Before you get started just remember your personal protection equipment. This includes eyes, ears, gloves and things like jack stands and wheel chocks. I like to fling sparks as far as possible with my man tools so I keep a fire extinguisher handy too.

As I mentioned before, this kit is designed to be easily installed in one's driveway, even if you only have a hacksaw and file. But I say "Why fight technology?"  Grandpa had it rough and power tools were put on Earth for good reason. Look at it this way, if the power goes out the Super 88 show still goes on.

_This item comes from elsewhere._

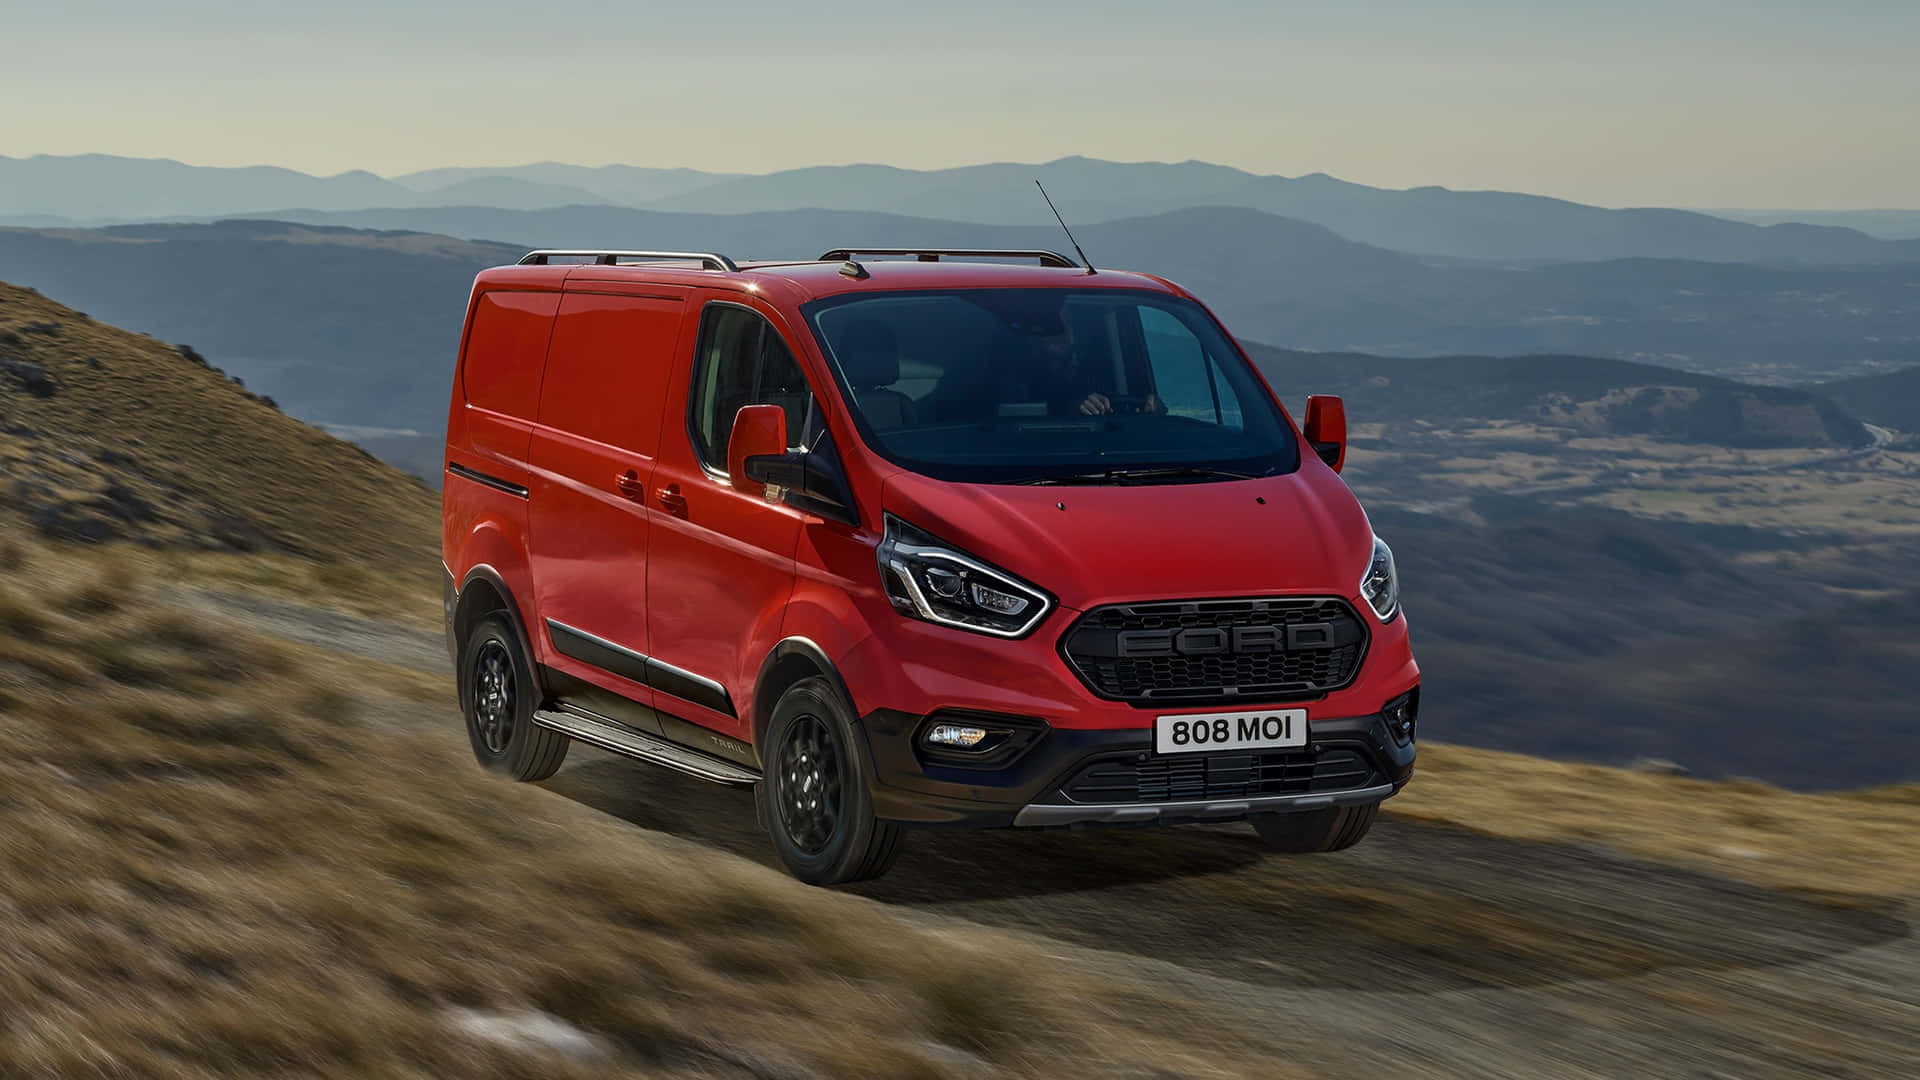 Sleek and Stylish Ford Transit on the Road Wallpaper

Here is a list of tools I used:
- 19mm (lug nuts)
- Breaker bar
- Flat head screw drivers
- Floor jack
- Wheel chocks
- socket (diff cover removal)
- Scraper
- 10mm (caliper bolts)
- Bungee cords (hang calipers out of way)
- 5mm allen wrench (ARB cross pin)
- Telescopic magnet (c-clip retrieval)
- L.E.D. headlight (you want to see right?)
- Rubber sand mallet (removing disc from old shafts)
- 14mm (backing plates and housing end adapters)
- Needle nose pliers (bearing cage)
- Slide hammer (you really need this unless you want to cuss a lot)
- Angle grinder with cut off wheel and tiger flap disc
- Emery cloth
- Drain pans
- Wire brush or wheel
- Silicone sealer (I used Permatex "the Right Stuff" and "Ultra Grey")
- Diff fluid

Yeah, I used a lot of tools but some people like shoes and I think THEY have a problem. I like tools.

Getting on with it:

 

The c-clips need to come out to remove the stock axles but first the differential cover must come off in order for that to happen. So, crack that diff open and get the "big nasty" out of the way. That thing will drain forever and you can let it drain while you are chocking up the front wheels, setting up the jack stands under the rear axle and removing the wheels and tires. While you are at it, grab that 10mm wrench and remove the caliper bolts and hang them out of the way with your bungee cords or zip ties.

 

It is time to get the c-clips out. So you can get the axle shafts out, so you can stick the other ones in. See where I am going?  If you have an ARB locker in the 8.8, you will also most definitely have a 5mm Allen wrench to get that cross pin retainer bolt out.  Once the bolt is out, the cross pin can be slid out of the way for c-clip removal.

 

For the next step put the transmission in neutral and have the parking brake off.  You will need to spin the ARB locker around.   Push the pin out towards the retainer bolt end of the cross pin. Rotate the locker around until you can see into the access window. Have a minion (or just get up) push the axle shafts inward to take some pressure off the c-clips. I tapped the axle shafts on the end with my rubber mallet and dislodged the c-clips which I pulled out with a telescopic magnet.